第54話「なにがあっても味方だ」
「夫婦とは一体何なのか。 罪を分け合う、共に抱える。優しさを持ち寄り、生きていく。だが夫婦で完結すべきことを子どもが抱えなければならないのは……残酷なことだ」
「白夜、痛いですよ……?」
葉緩がジタバタともがいてみれば、家の前を通りかかった人たちにじろりと見下ろされる。
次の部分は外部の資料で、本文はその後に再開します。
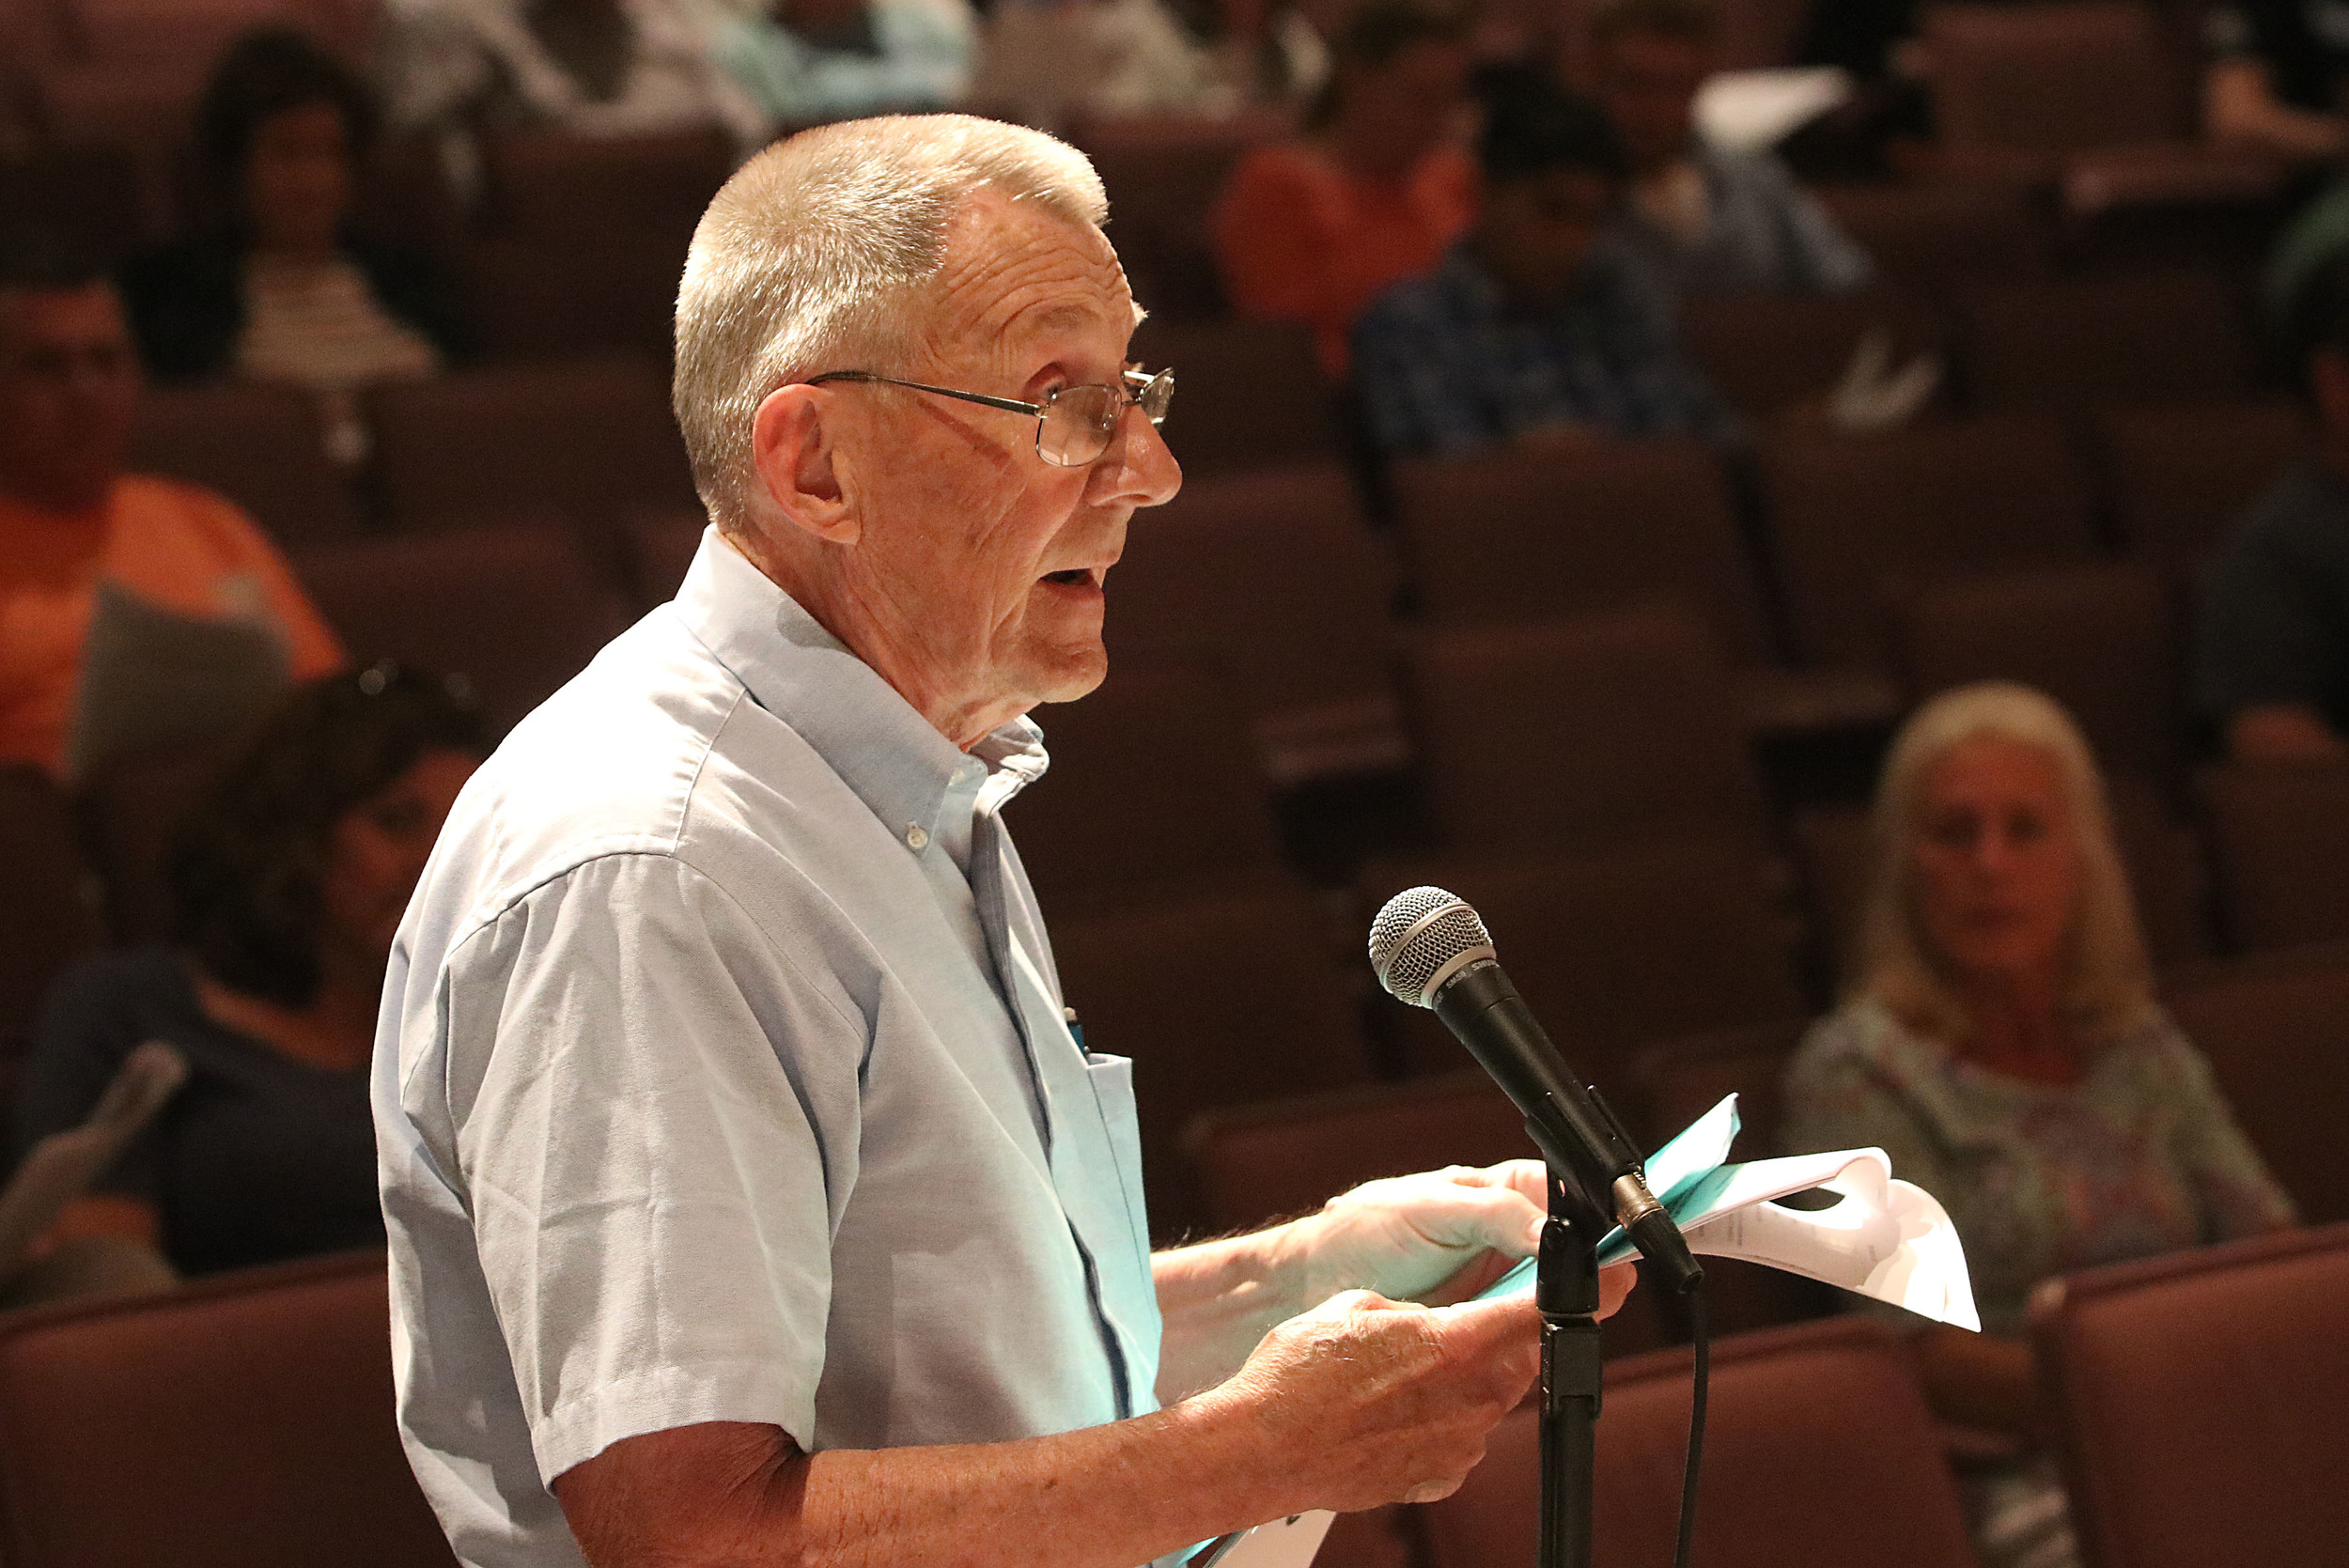 Barrington resident Peter Clifford explains his proposed $500,000 cut to the budget, during Wednesday's financial town meeting.

ひそひそとした声が葉緩の耳に届き、少しずつ白夜と話すことが歪だと気づきだしていた。
「ねぇ、また四ツ井さんの娘さんが一人で喋ってるわ」
「変わったお家のようだから。うちの子には関わらないように言ってあるけど」
遠ざかっていく声に葉緩は白夜の背にしがみつく。
唇を尖らせて、震える身体を誤魔化していた。
「葉緩は変な子ですか? だから……」
「大丈夫だ。私はお前の半身。なにがあっても味方だ」
悲しい言葉は葉緩に自覚させない。
塞ぐべきものには白い手を伸ばして塞いでやろう。
本来の願いのまま、強く笑っていられる子になるように。
悲観的な種は、必要なときに相手を理解するために必要だ。
自分を戒める過剰さはいらない。
「葉緩、お前は自分を締め付けなくていい。お前が思うがままに人を愛し、大切にしたい人を守れる人となれ」
「……うんっ!」
たとえ半身であろうと、心は通じない。
だからこそ白夜は葉名の願いが穏やかに実るまで、折れたままでよかった。
半身でもわからぬ心は、夫婦となればなお難しい。
――ゆえに葉緩が誰かの幸せを願う心は、尊いものだった。
砕けてしまうような悲しいものは、子どもに不要。
***
「やだっ……! やだよぉ! 白夜がいなくなるなんて、そんなのいやだよ!」
涙があふれて止まらない。
脆く壊れそうな葉緩を支えていたのは白夜だった。
葉緩が落ち込んで動けなくならないように。
大切な人を守れるよう強い子になるようにと。
どんなに願ったところで壊れる時は一瞬だと、白夜が何度も葉緩の耳に手を当てた。
時を超えた想いも無に散らしてしまうほど、世界に飛び散る言葉は葉緩の心を千切ってしまう。
「ずっと、ずっと一緒だったから。白夜がいなかったら私は……!」
――笑えていただろうか?
それさえも答えが出ないほどに、16の年月を白夜に支えられていた。
葉緩のさみしさは先に白夜が抱きしめてくれたから、いざあふれ出せばせき止め方がわからなかった。
「うあああああん! うああああああっ!」
泣くのは難しい。
一度泣いてしまえば心の内側を守っていた防波堤から水があふれ出す。
言葉を紡ごうとすればしゃっくりでろくな言葉にならない。
話すことも出来ないわりに、喉を引き裂く勢いだけは容赦のないものだ。
「……わかった。それが葉緩の気持ちなんだね」
葉緩をよく知る人が刻む心音にあわせたやさしい撫で方。
トントンと背中に指があたるたびに少しずつ落ち着きを取り戻して鼻をすするようになる。
赤子をあやすような手つきに葉緩は広い胸に頬張りをした。
(心臓の音、少し早い。懐かしい。葉名はこの腕に抱かれるのが好きだった)
葉名の心は葉緩と同じ。
どんなときに甘えん坊になるかも、手に取るようにわかって、それを否定する気にもなれなかった。
「私は欲張りです。だけどこの手からこぼれ落ちていくものばかりです」
泣き虫だった葉名に呼応して、葉緩もまた泣いてしまう。
一人でグズグズ泣いている幼子はどちらだろう?
その隣に立っていた白夜はいつからその姿を浮き彫りにした?
「ダメだなぁ。葵斗くんといると、弱くなった気がします」
「一人で抱えなくていいから。 一緒に抱えるのが夫婦でしょ?」
葵斗の言葉に葉緩は顔をあげ、唇をとがらせて葵斗の額を小突いた。
「……次置いていったら本気で怒りますから」
夫婦となるのはそう簡単なことではないと念押しする。
紙切れ一枚の契約かもしれないが、一度結んだ縁は波紋して、完全に消えることはない。
愛を誓うことは甘いだけのものではなく、時に苦いことが続いてしまうもの。
それを手を取り合って乗り越えていくのが夫婦という繋がりだろう。
主と姫の幸せ同様、葉緩にも赤い糸があると考えもしなかった。
蒼依を失い、枝を折って絶望を抱えて海へ歩いた日々。
その孤独な時間が幸せに怯える葉緩をつくった。
子どもはいとおしく、忠誠を誓った二人に守られ幸せだった。
だがふと訪れるさみしさと、運命を壊した後ろめたさが幸せを望む罪深さへ繋がっていった。